Druid has premièred new plays from some of the most persuasive, proven writing talents to emerge in recent Irish theatre: Marina Carr, Enda Walsh and Stuart Carolan. A reconstituted commissioning policy has played its part in this.
The association with Enda Walsh has emerged as the most important and productive in recent years, an association to compare with the previous associations with Tom Murphy and Martin McDonagh.
A trilogy of plays from John B. Keane provided the main thrust to Druid’s explorations of the Irish repertoire in the first years of the millennium. John B. Keane’s work is attuned, to an unrivalled degree, to Irish rural life – its rhythms and pulse and its contending forces of modernity, Catholicism and the pre-modern – and Druid reconnected with audiences throughout Ireland through its explorations of the violent faultlines that erupt through Keane’s work.
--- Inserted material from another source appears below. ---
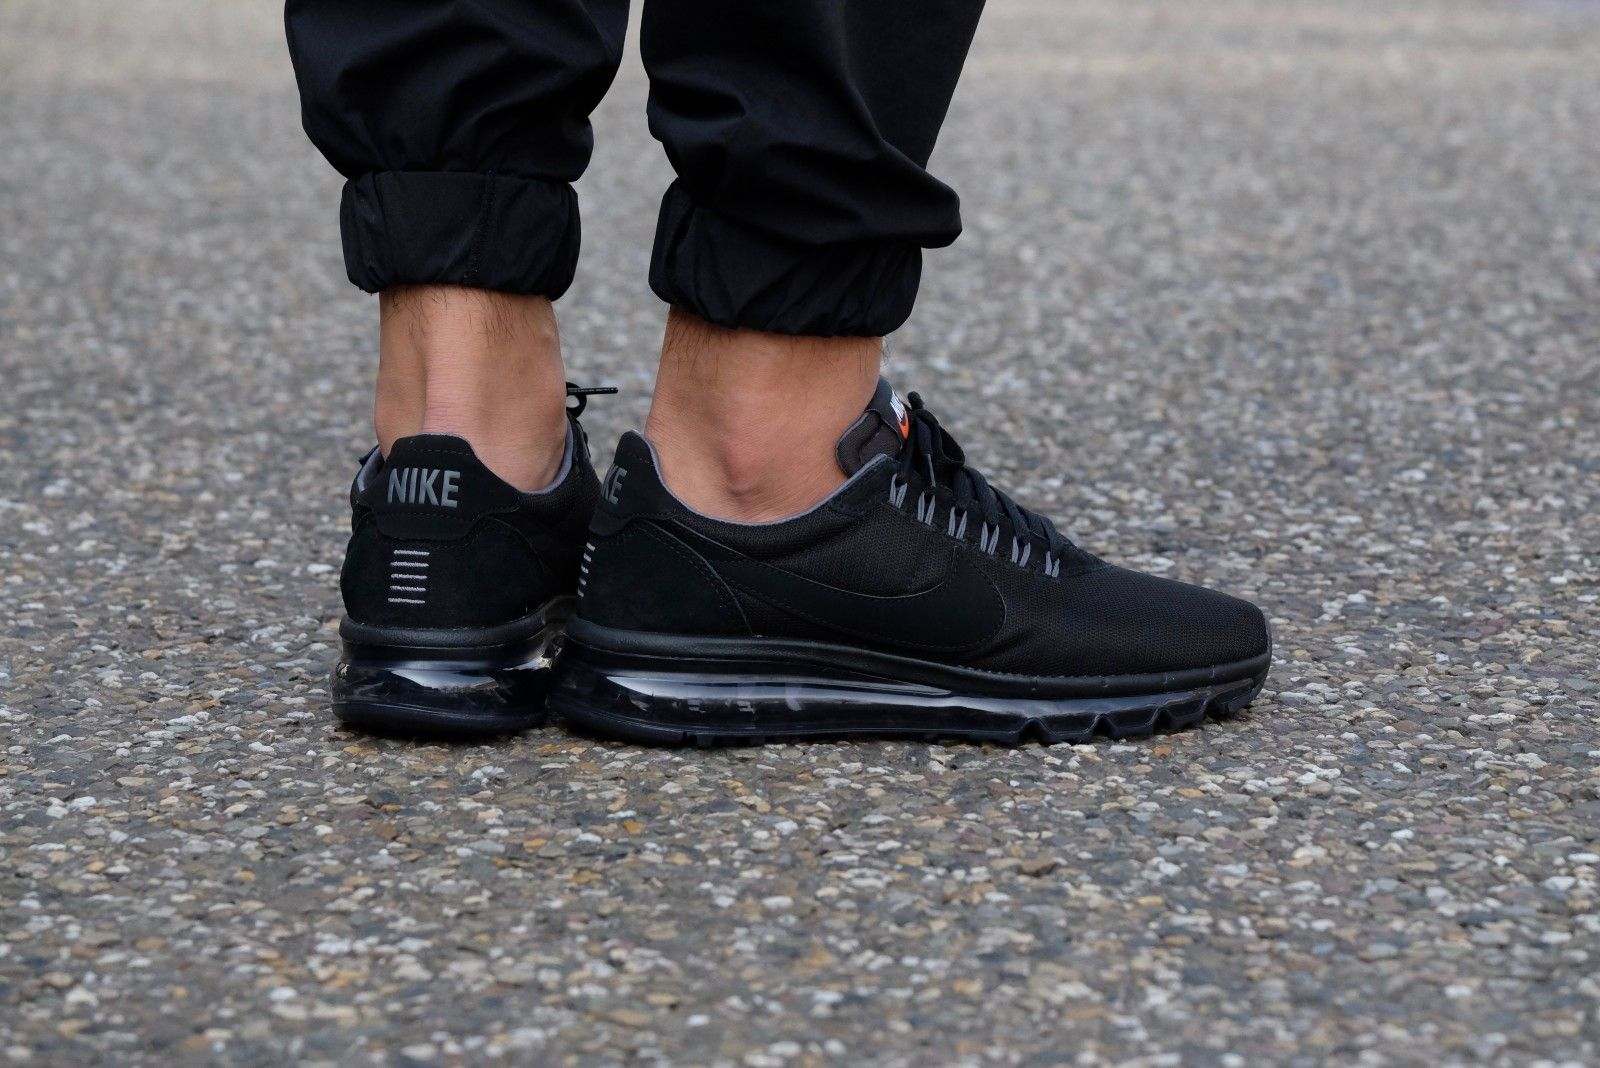 Nike Air Max LD-Zero Black/Black-Dark Grey - 848624-005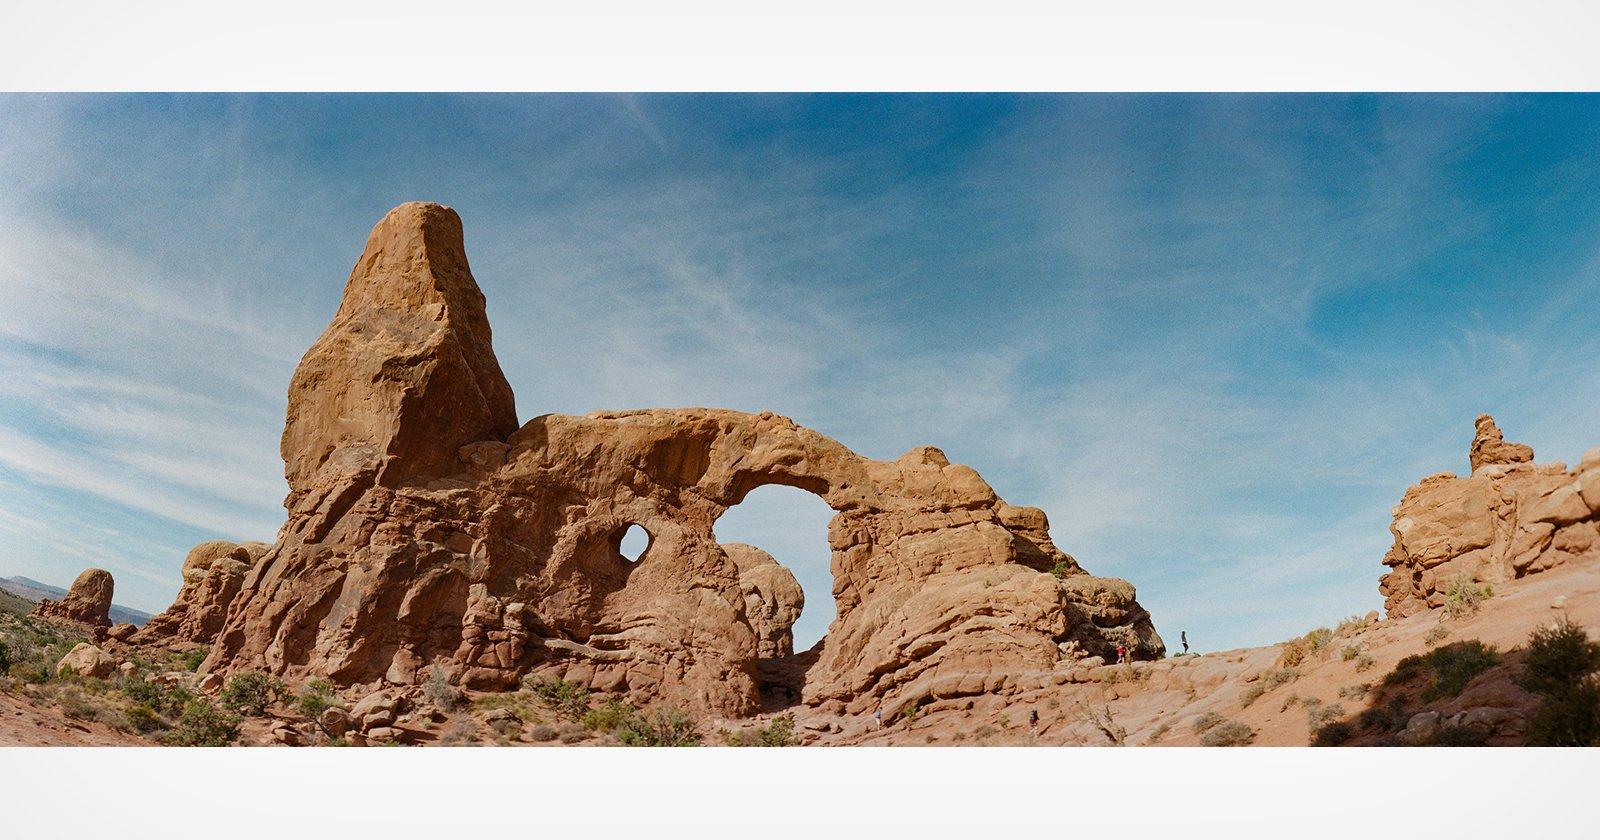 Ripresa di paesaggi con la fotocamera panoramica Horizon 202

Throughout 2004 and 2005, Garry Hynes, Marie Mullen and Mick Lally delivered on a shared commitment to stage together all six plays of John Millington Synge’s dramatic canon. DruidSynge was the result, with the staging of all six plays in one day at the 2005 Galway Arts Festival, the most ambitious and perhaps successful undertaking in Druid’s history. It was described by the Irish Times as ‘one of the greatest achievements in the history of Irish Theatre’ and by Charles Isherwood of the New York Times as ‘a highlight not just of my theatregoing year but of my theatregoing life’.
2009 –
This productive period has been enabled by a succession of dedicated general managers and company directors, including Ciarán Walsh, Ciara ní Shúilleabháin, Fergal McGrath and Tim Smith. Druid has been fortunate also in its associates in other fields, including Maureen Hughes as casting director and Eamonn Fox as production manager.
Druid’s next chapter involves as much structural innovation as it does a commitment to reinvent itself and to explore the possibilities for contemporary theatre. Once again Druid is looking to streamline resources to deliver world-class productions. At the same time, Druid is challenging itself to push through ever redefining limits. The aim is to deliver experiences as unforgettable, and more so, than those for which Druid has been celebrated in the past.